Resources

People often ask me "How did you learn how to hack?" The answer: by reading. This page is a collection of the blog posts and other articles that I have accumulated over the years of my journey. Enjoy!

Trusted Execution Environments (TEE) are a sections of a CPU that run code that is isolated from the rest of the system. The whats and the hows of these differences depend on the generation. In recent years, a shift has occurred, with these now being done on consumer servers. Server TEEs use deterministic AES-XTS without replay protection for memory encryption and don't use integrity checks either. Dropping these protections comes with significant advantages in terms of speed and usability.

TEEs goal is to shield the code and data in the enclaves from both inspection and modification, even with root-level adversaries on the computer. At boot-time, the CPU reserves sections of memory for the exclusive use of Intel's implementation of TEE called SGX. This cannot be accessed by other parts of the execution - only the SGX enclave. SGX implements memory encryption by encrypting the entire address space with a key determined at boot time.

The goal of this attack is to steal content from the SGX enclave by sniffing memory during specific operations. To do this, they created a custom logic analyzer that sits between the DDR5 memory bus and the CPU; details of its construction are in the paper. To ensure the proper lines are being listened to, testing must be performed to verify the mapping of physical addresses to DIMMs. Since the kernel allocates the memory used by SGX, once we know the location of our interposer, we can force the SGX enclave to use that memory.

They also use a clever trick to start and stop the SGX enclave: memory permission changes. Once the TEE is executing the code, we can't see it. However, we CAN change the memory's permissions. By removing access from the TEE engine, the code effectively stops. This allows traces to be taken to be much more accurate.

A key insight is that the encryption key used by enclaves is the same on boot for the memory. Since we can upload our own enclave code to the machine, any data written by the other enclave that matches ours will be a known value! They provide an example of this being bad: secure attestation with ECDSA. By doing this during an ECDSA signing process, they can determine the value of k. With k in hand, you can recover the private key!

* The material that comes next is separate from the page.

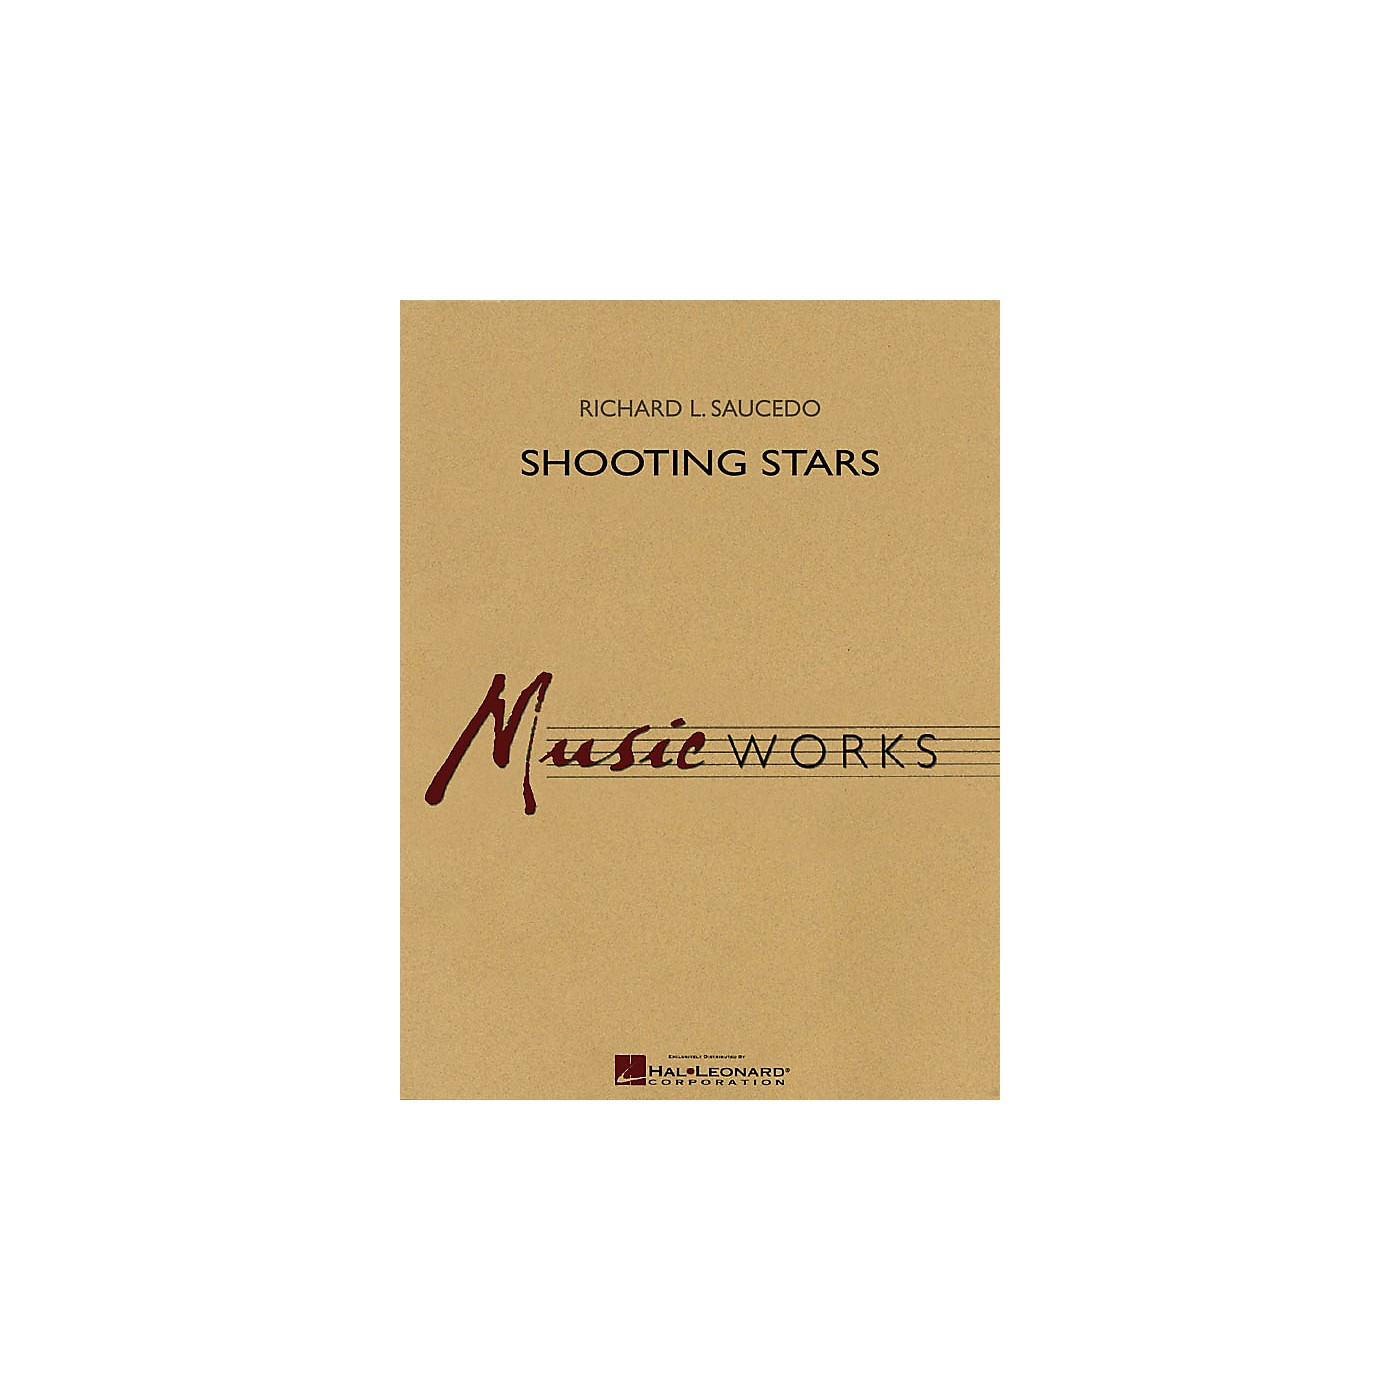 Hal Leonard Shooting Stars Concert Band Level 5 Composed by Richard L. Saucedo thumbnail
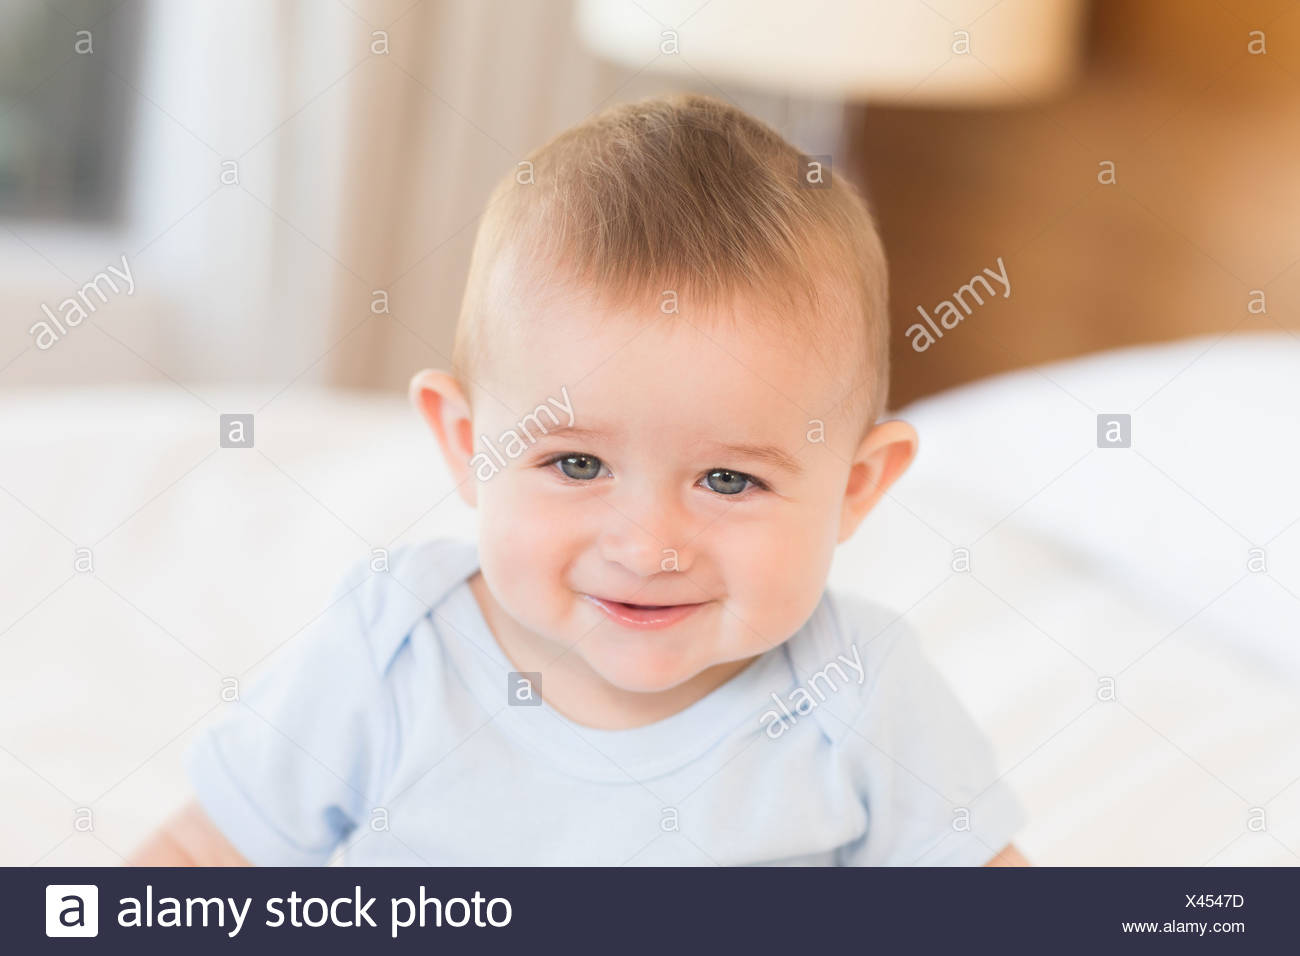 Baby boy in blue babygro - Stock Image

With these keys in hand, it's possible to run code that would typically be confidential outside the SGX context. This capability is catastrophic and is demonstrated in the rest of the paper. In the example of BuilderNet, a network of block builders on an EVM chain that runs in an enclave, it breaks all of the guarantees. Usually, the software prevents frontrunning and reading the information of confidential transactions, but this is now possible. Even worse, this contains a key with $200K worth of ETH in it. A similar thing can be done on the Secret Network as well.

There are several other cases of this attack breaking the security. If you don't use deterministic encryption, then this attack wouldn't be possible. Another safety measure is to have location verification and CPU whitelisting. This would prevent jobs from being used on attacker-controlled hardware in a lab capable of performing these attacks.

In my mind, once an attacker has access to your computer, they can do whatever they want. This is a great example of that. Overall, an excellent paper on breaking TEEs with a hardware-based attack.